Выдав девушке ценные указания, Ванюша тут же покинул Асю и зашагал к центру. Выйдя из переулка, он заметил, что над бульваром висит медная шапка зарева. Дымом пахло уже отчетливо. Конечно, Ванюша знал, что Исайя Алексеевич — его начальник, товарищ Штосс — вряд ли лично явится на заурядный инцидент, где пристало находиться лишь исполнителям рядового звена и праздным зевакам, но он понимал также, что любой пожар какнибудь обязательно скажется на работе их орготдела, и хотел быть во всеоружии: товарищ Штосс наверняка оценил бы по достоинству рвение подчиненного, который держит руку на пульсе. У вросшего в землю, кряжистого здания с исполинскими стенами — не зря в одном крыле, где имелись неподъемные засовы и железные решетки, помещалась милиция — уже занималась крыша. Морковное пламя выбрасывало в воздух клубы густого, ржаво-грязного дыма. Вокруг уже собралась взбудораженная, охочая до зрелища, но довольно бездеятельная толпа; по воздуху зигзагами летали бумаги, вынесенные тягой со второго этажа. Кто-то пробежал мимо Ванюши к окну, размахнулся и метнул на стену воду из ведра; влажный язык лизнул штукатурку и растаял бесследно. Лопнуло стекло, и женщина в косынке завизжала. Какой-то человек появился на крыше, видимо, еще целой.

— Уходи, уходи! — закричали смельчаку зрители и замахали руками.

Пожарные развернули брандспойт, и водяная струя ударила в стену.

— Там живой! — раздался истошный крик, и Ванюше тоже показалось, что в глубине дома, за окутанной дымом решеткой отчаянно задрыгался гибкий силуэт, словно заметалась в корчах большая кошка. Но пожарные смотрели наверх и, пока неторопливый Ванюша шарил глазами по сторонам, какой-то человек опрокинул на себя ведро, накрылся полой пиджака и бросился в дверное сопло, тут же с воем вздыбившее за смельчаком пламя до потолка. Толпа заголосила и задергалась; прибежал из-за угла пожарный, но, встретив выхлоп дыма, запнулся на пороге. Заинтригованный Ванюша, любивший наблюдать за интересным действием, сунулся было ближе, но пожилой брандмейстер грубо оттолкнул его в сторону.

— Отошли посторонние! — рявкнул он, и Ванюша, пожав плечами, отступил, успев заметить, как руки с растопыренными пальцами протянулись вперед и почти выдернули из пожара женщину, которая выскочила на безопасное место стремительно, как ядро из пушки.

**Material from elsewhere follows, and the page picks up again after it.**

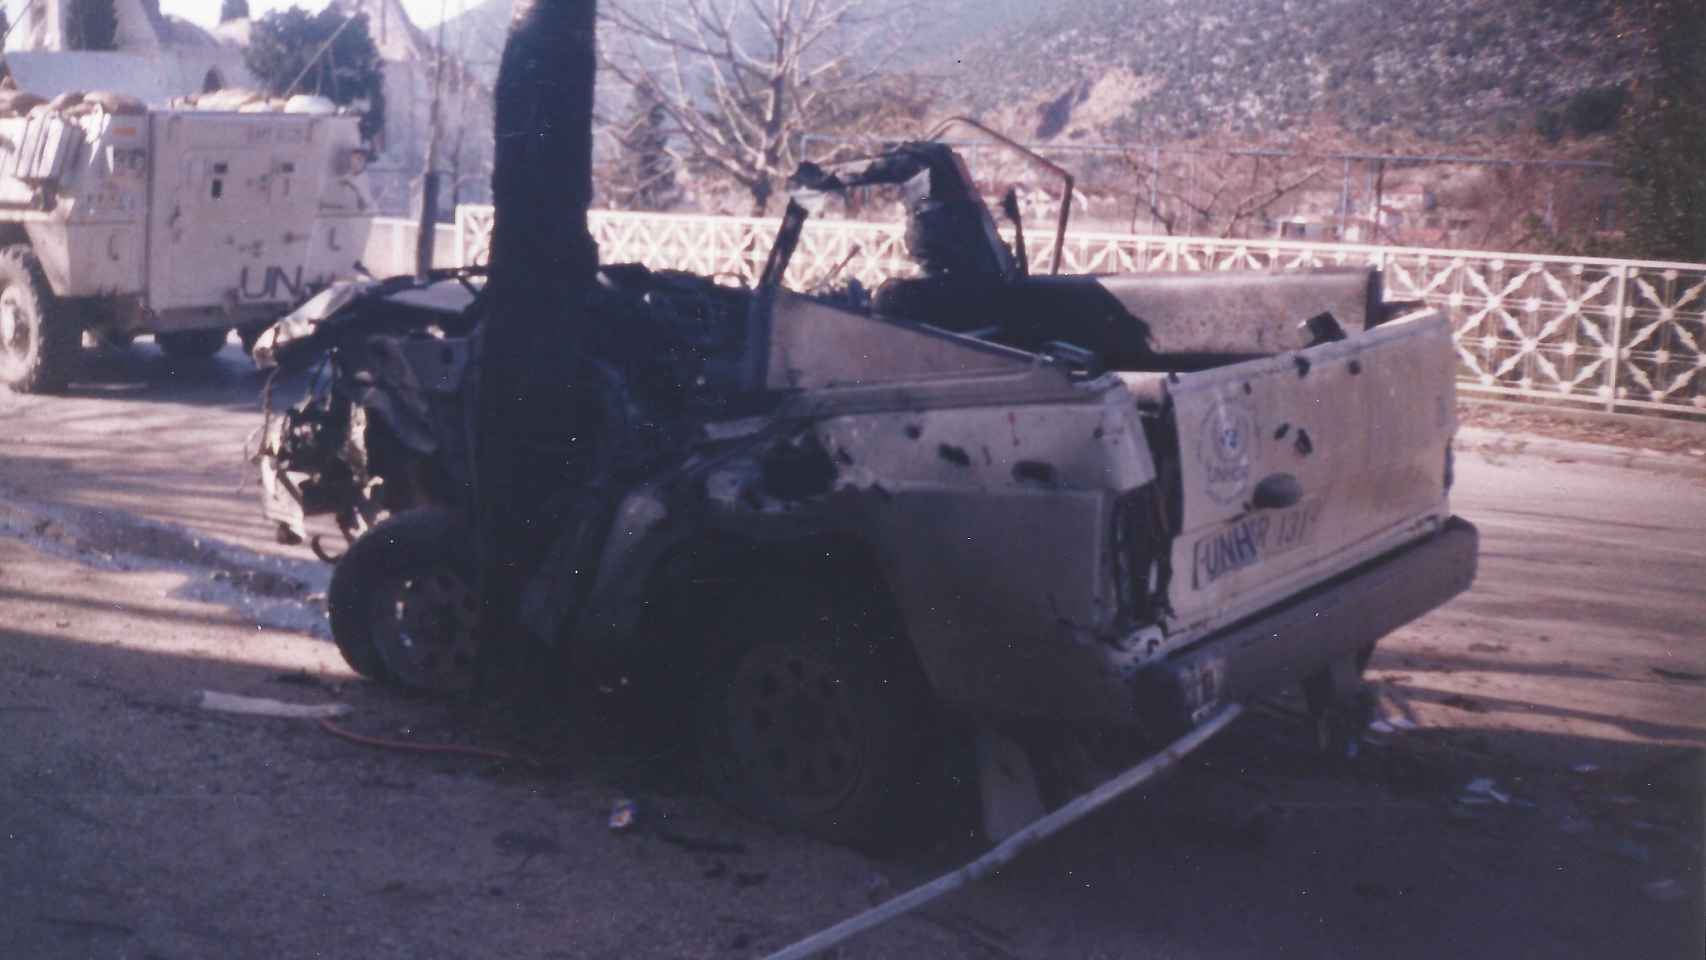 La guerra atenazaba Bosnia; en la imagen, un vehículo tiroteado.

Появившийся следом мужчина чуть промедлил, и на его голову со страшным, словно взрыв, треском упала переломленная балка. Ожесточенным роем взвились искры, толпа ахнула; мужчина упал как подкошенный, а невредимая женщина, скакнув в сторону, стянула с головы черный от сажи платок, которым закрывала рот и нос. Круглое закопченное лицо сверкнуло облегченной улыбкой, и погорелица задышала, хватая воздух испачканным ртом, как рыба, вытащенная из воды. Она была в шоке и даже не обратила внимания на своего спасителя, который корчился на земле и стонал:

— Больно… больно… глаза!.. Пропади пропадом, глаза жжет!..

К нему, смыкая человеческое кольцо, подбежали с разных сторон люди; кто-то наклонился посмотреть, кто-то захлопотал над раненым со знанием дела. Ванюша еще потолкался для виду среди толпы, которая уже устала от впечатлений, — поспрашивал у очевидцев, кто пострадал, есть ли еще жертвы, и, решив, что получил достаточно сведений, отправился домой. Вечер все равно был испорчен.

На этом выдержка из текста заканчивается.